В это время я возобновил отношения с все еще крепким стариком Мишелем де Савером и от его имени перезаключил договор с Раймоном Шестым, бравшим теперь под свое покровительство самую сильную и знаменитую в Лангедоке школу наемных убийц.

За это соглашение де Савер теперь сам платил мне проценты, как когда-то это делал за меня мой сеньор. Справедливость восторжествовала.
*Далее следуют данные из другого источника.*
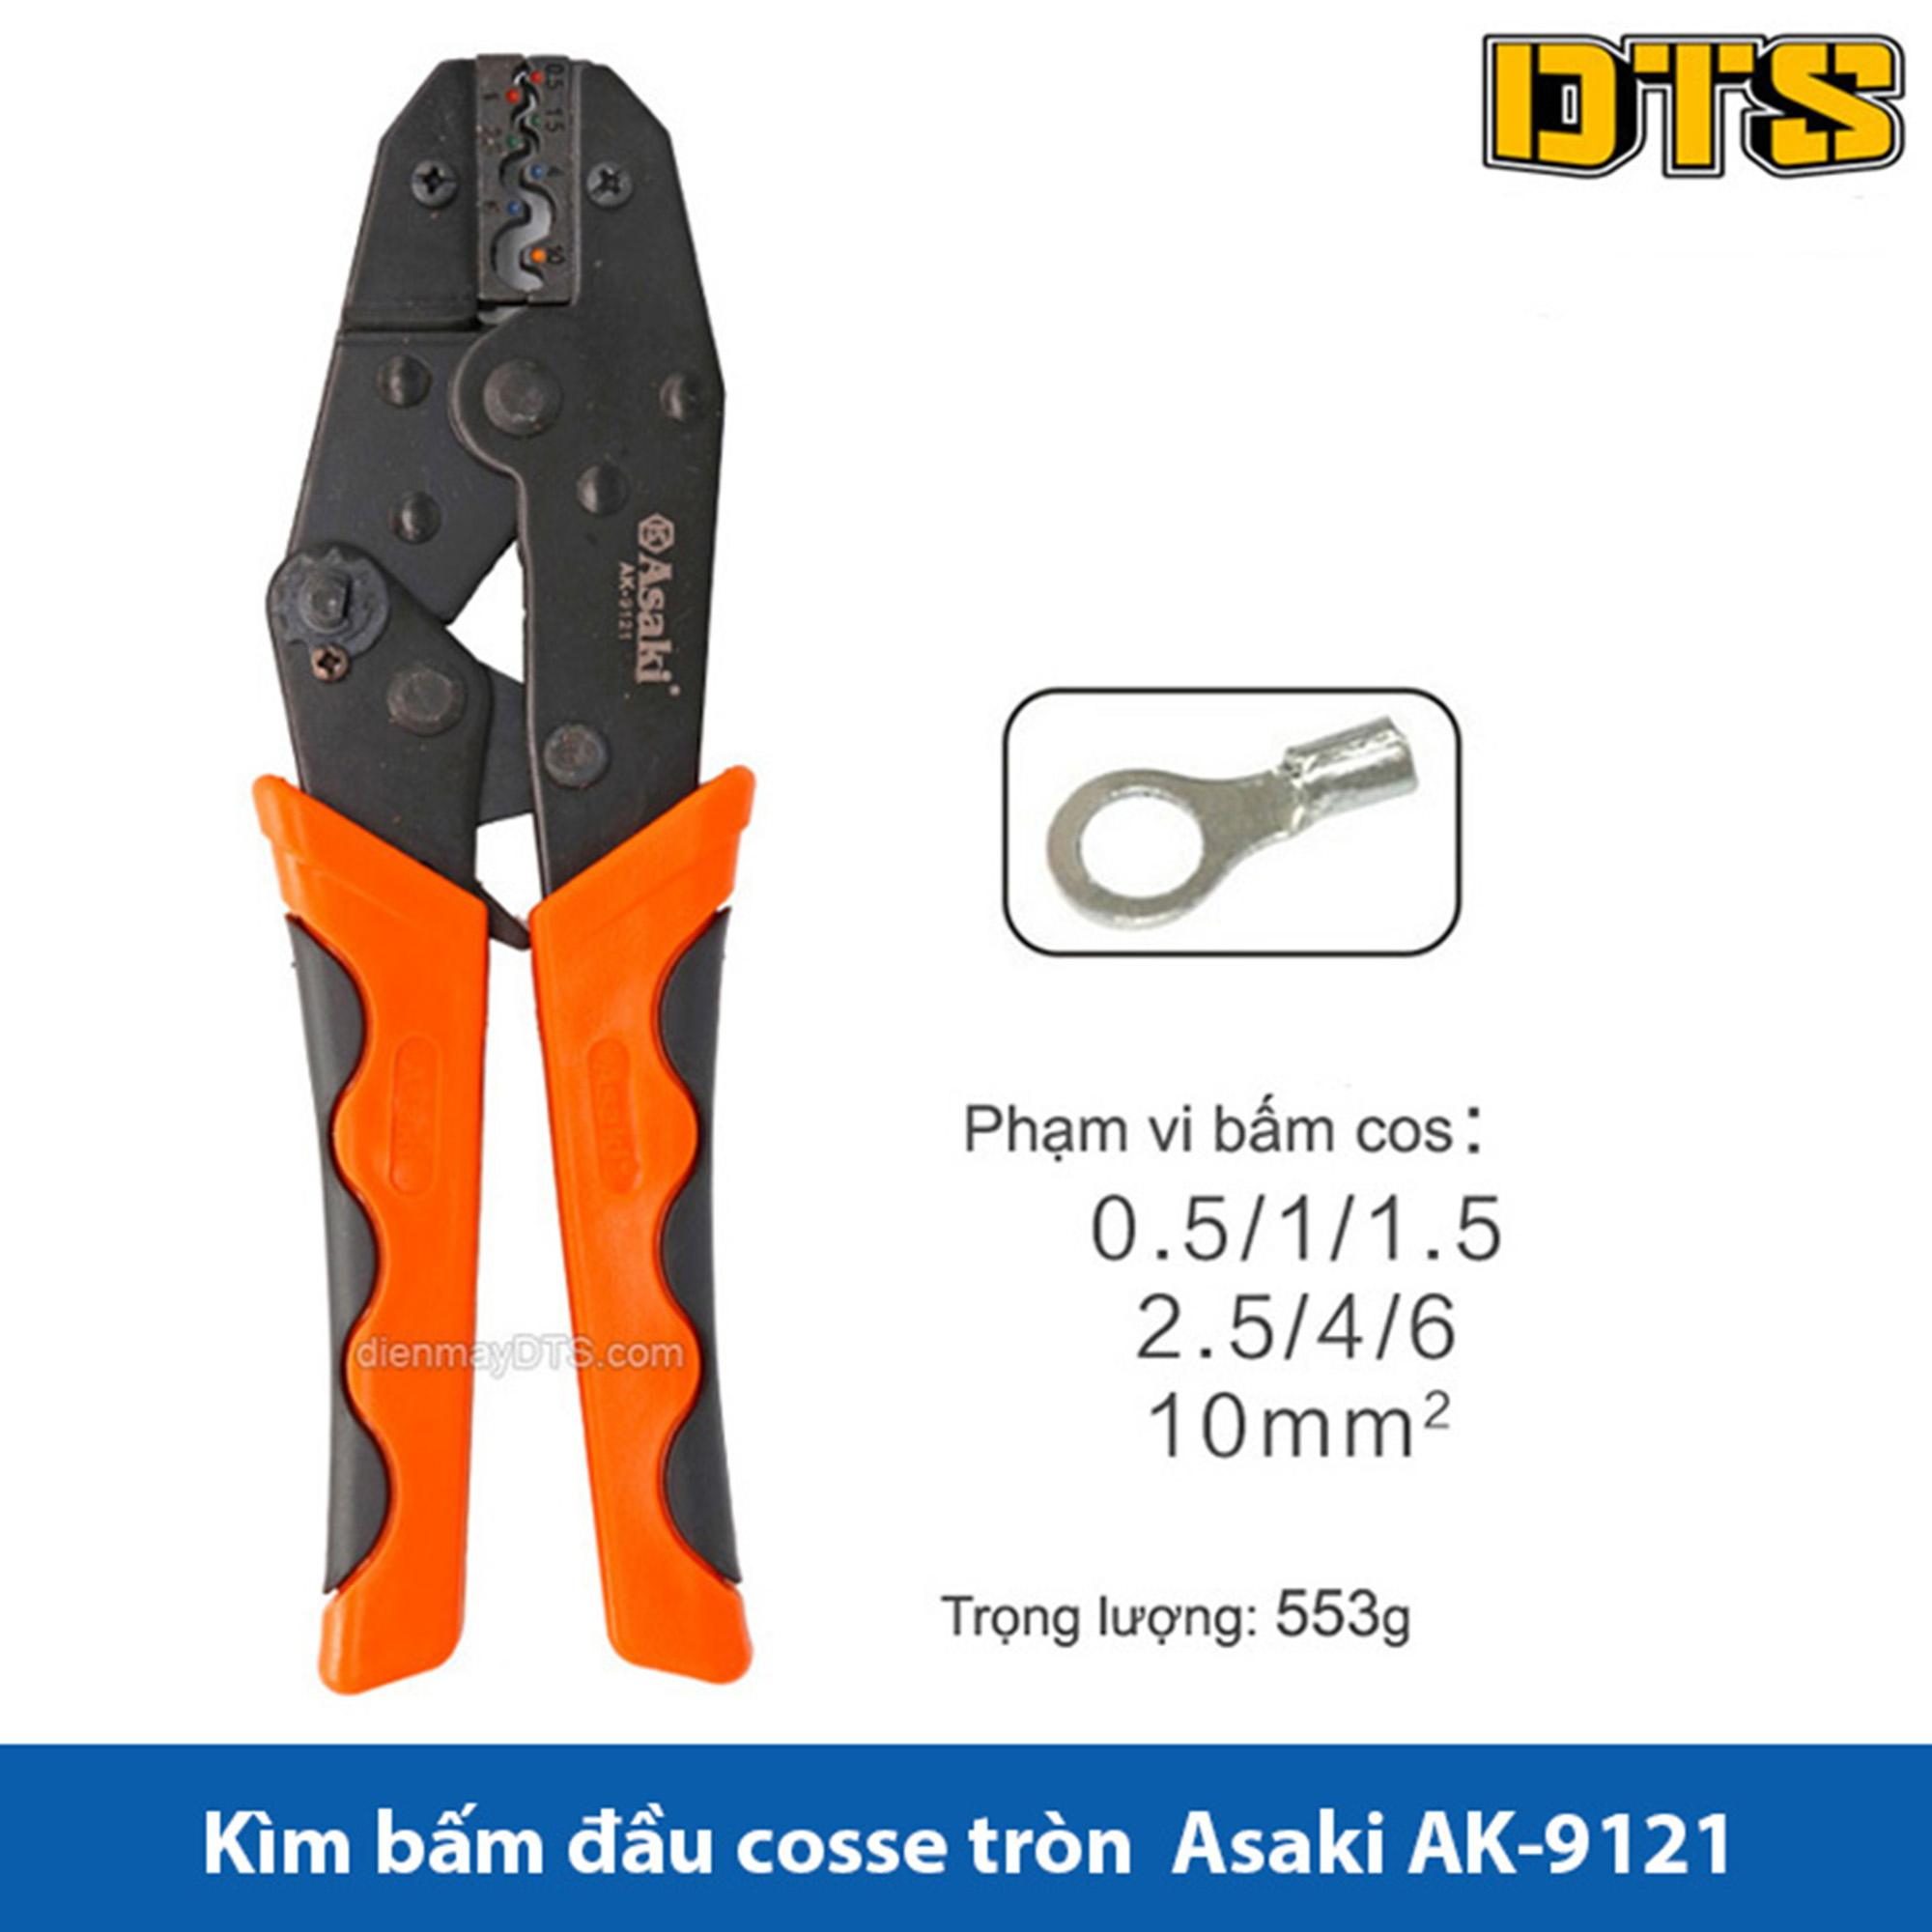 Kìm bấm cos tròn Asaki AK-9121 0.5 ~ 10mm2 - Kềm bấm cốt tròn, Kìm bấm đầu cosse Asaki (Kìm bấm đầu cote Asaki)

Подросли и сыновья Раймона, но я не занимался этими лоботрясами, отдавая все свои силы подготовке тулузских воинов и укреплению крепостей. Подобно Раймону Пятому, его старший сын также женил своих сыновей на подобранных для них невестах. Все было более или менее ничего, если бы не странное предчувствие надвигающейся беды. Казалось, все позади, уже начал забываться старый и правящий долгие годы тулузский граф, снова пел Пейре Видаль, и вокруг него собиралось изысканное общество прославленных рыцарей и прекраснейших дам, жизнь уже снова взяла бразды правления в свои натруженные руки.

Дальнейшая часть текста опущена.